Skull Caps and Genomes | The Loom

neanderthal 440The skull cap is thick and flat. It looks distinctively human, and yet its massive brow ridge, hanging over the eyes like a boney pair of goggles, is impossible to ignore. In 1857, an anatomist named Hermann Schaafhausen stared at the skull cap in his laboratory at the University of Bonn and tried to make sense of it. Quarry workers had found it the year before in a cave in a valley called Neander. A schoolteacher had saved the skull cap, along with a few other bones, from destruction and brought it to Schaafhausen to examine. And now Schaafhausen had to make the call. Was it human? Or was it some human-like ape?

Schaafhausen did not have much help to fall back on. At the time, archaeologists had only found faint hints that humans had coexisted with fossil animals, such as spears buried in caves near the bones of hyenas. Charles Darwin was still two years away from publishing the Origin of Species and providing a theory to make sense of human evolution. Naturalists tended to look at humanity as a collection of races arranged in a rank from savagery to civilization. The most savage races barely ranked above apes, while the naturalists themselves, of course, belonged to the race at the top of the ladder. When anatomists looked at human bodies, they found what they thought was a validation of this hierarchy: differences in the size of skulls, the slopes of brows, the width of noses. Yet all their attempts to neatly sort humanity were bedeviled by the tremendous variation in our species. Within a single so-called race, people varied in color, height, facial features–even in their brow ridges. Schaafhausen knew, for example, about a skull dug up from an ancient grave in Germany that “resembled that of a Negro,” as he later wrote.

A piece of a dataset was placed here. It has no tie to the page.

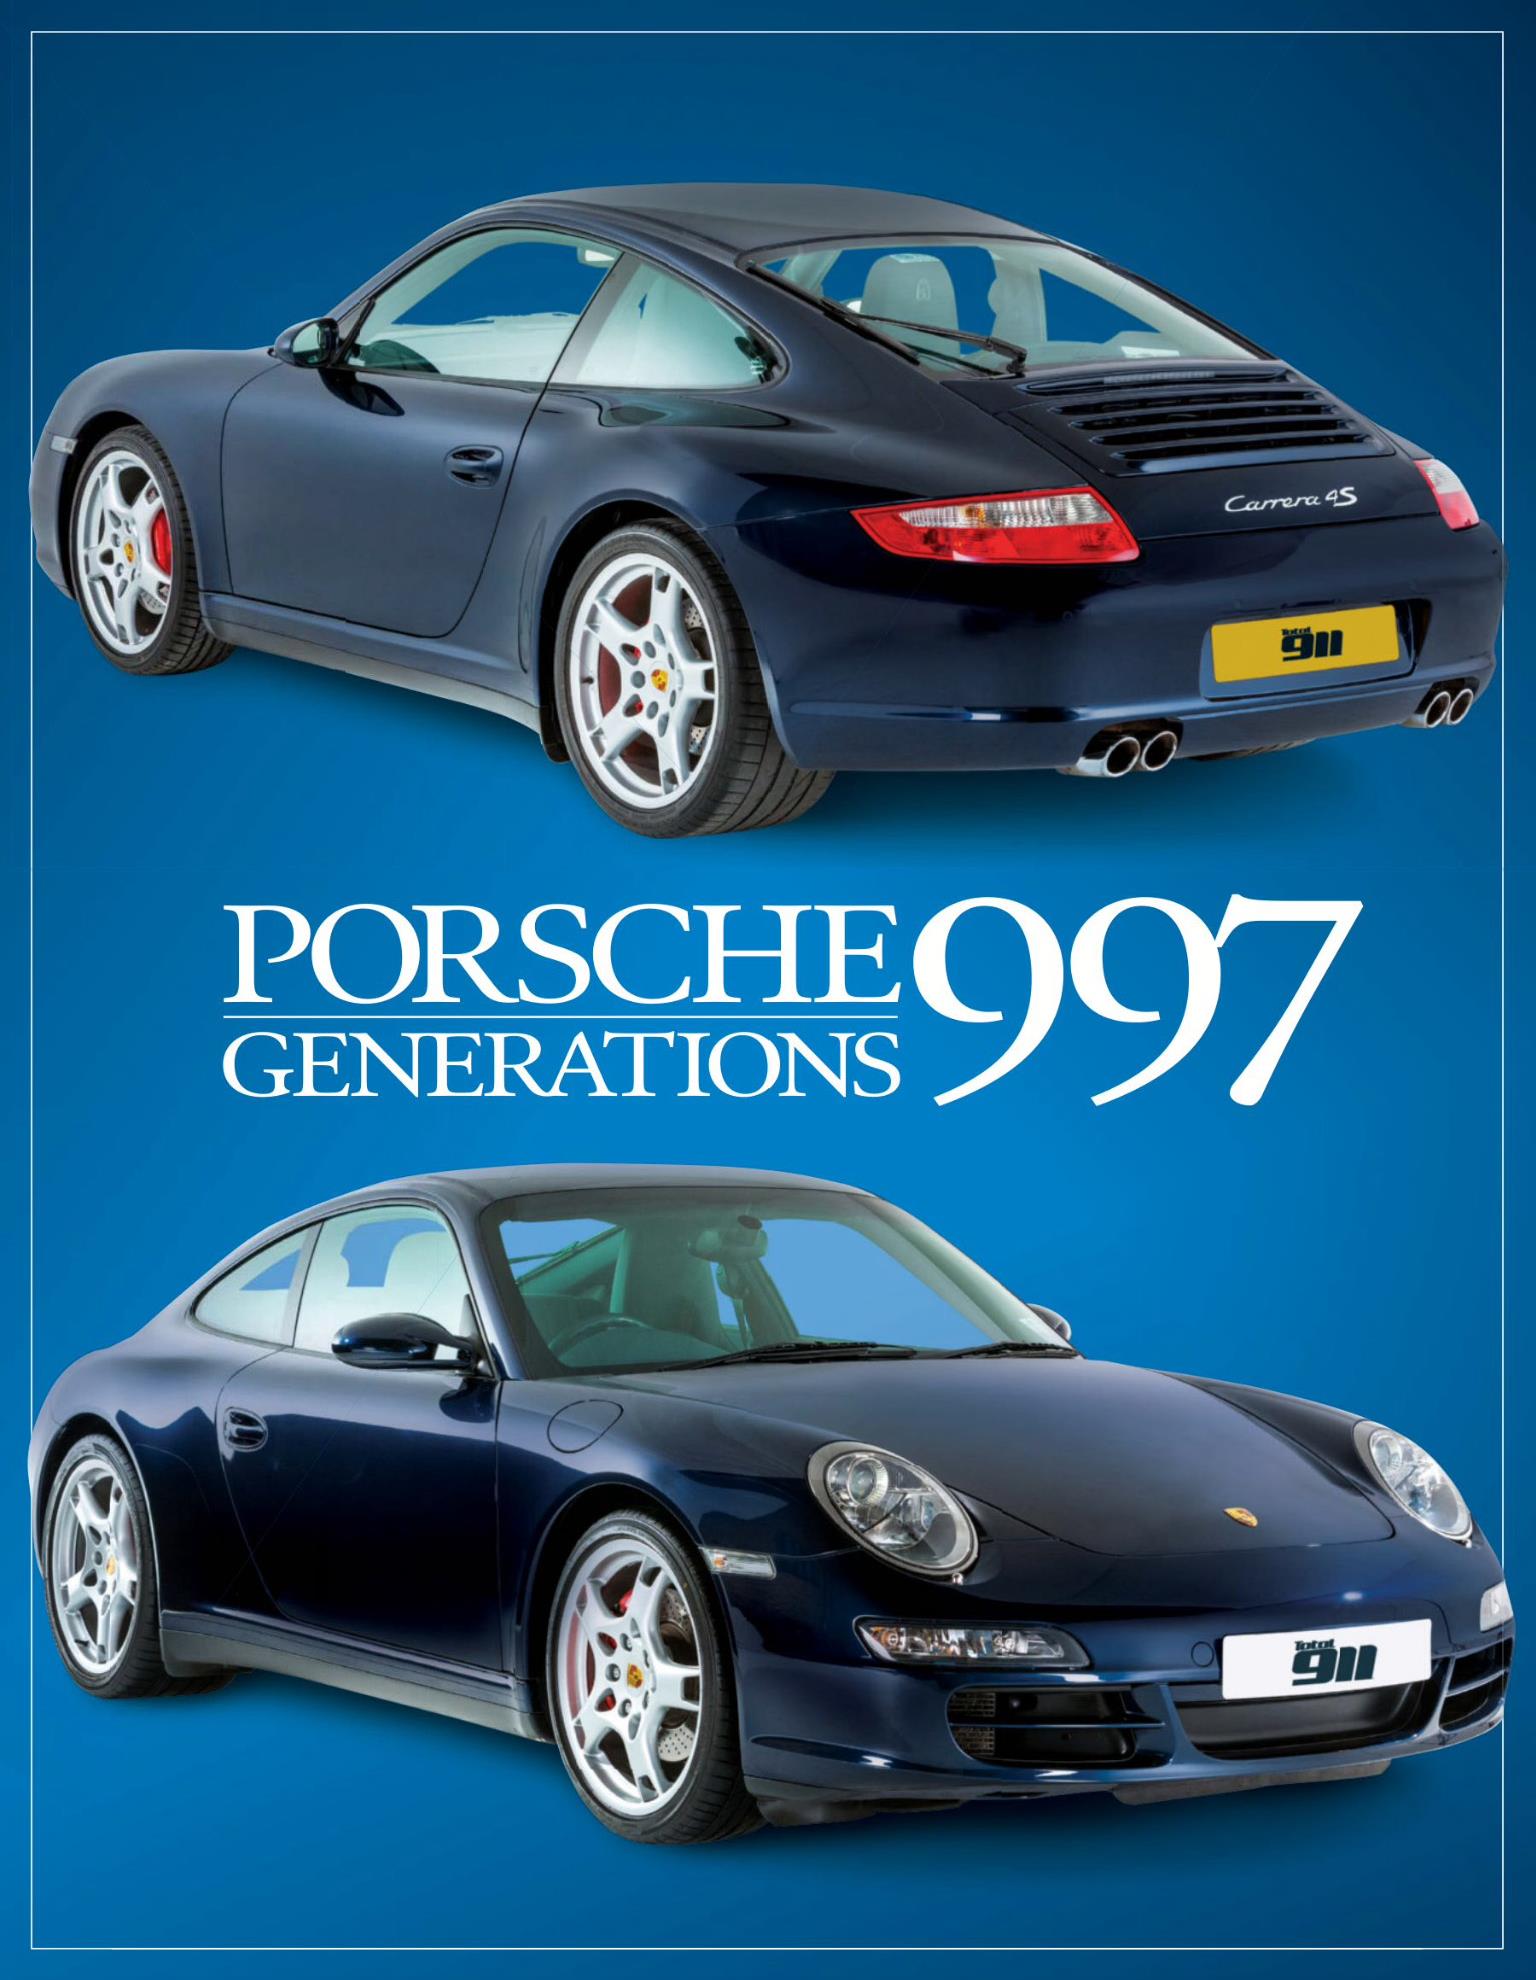 Журнал Porsche 997 generations (from the publishers of Total 911)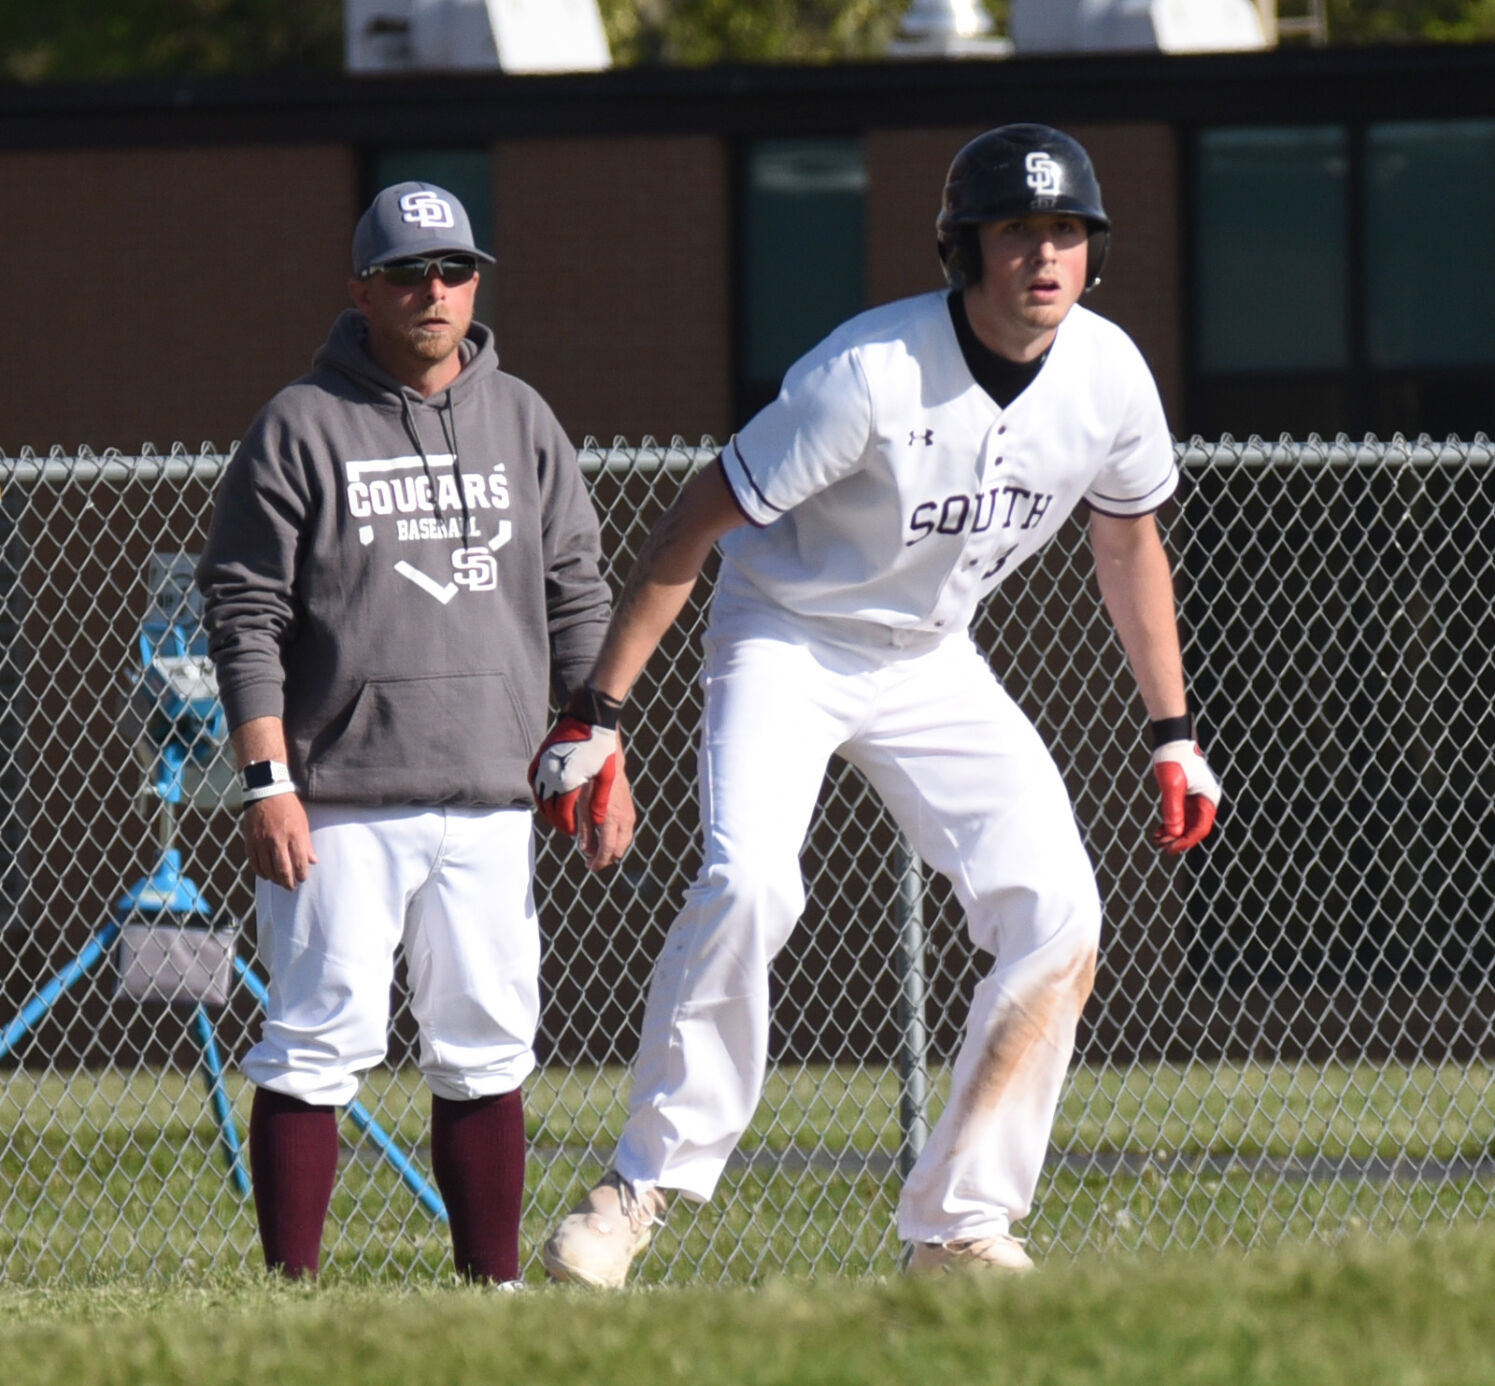 South Decatur Baseball Team Extends Win Streak to 10 Games with Dominant 11-1 Victory

To make sense of the “Neanderthal cranium,” as he called it, Schaafhausen tried to fit it into this confusing landscape of human variation. As peculiar as the bone was, he decided it must belong to a human. It was very much unlike the cranium of living Europeans, but Schaafhausen speculated that it belonged to an ancient forerunner. Yet for naturalists of Schaafhausen’s age, such a heavy brow ridge implied not the advanced refinement of European civilization, but wild savagery.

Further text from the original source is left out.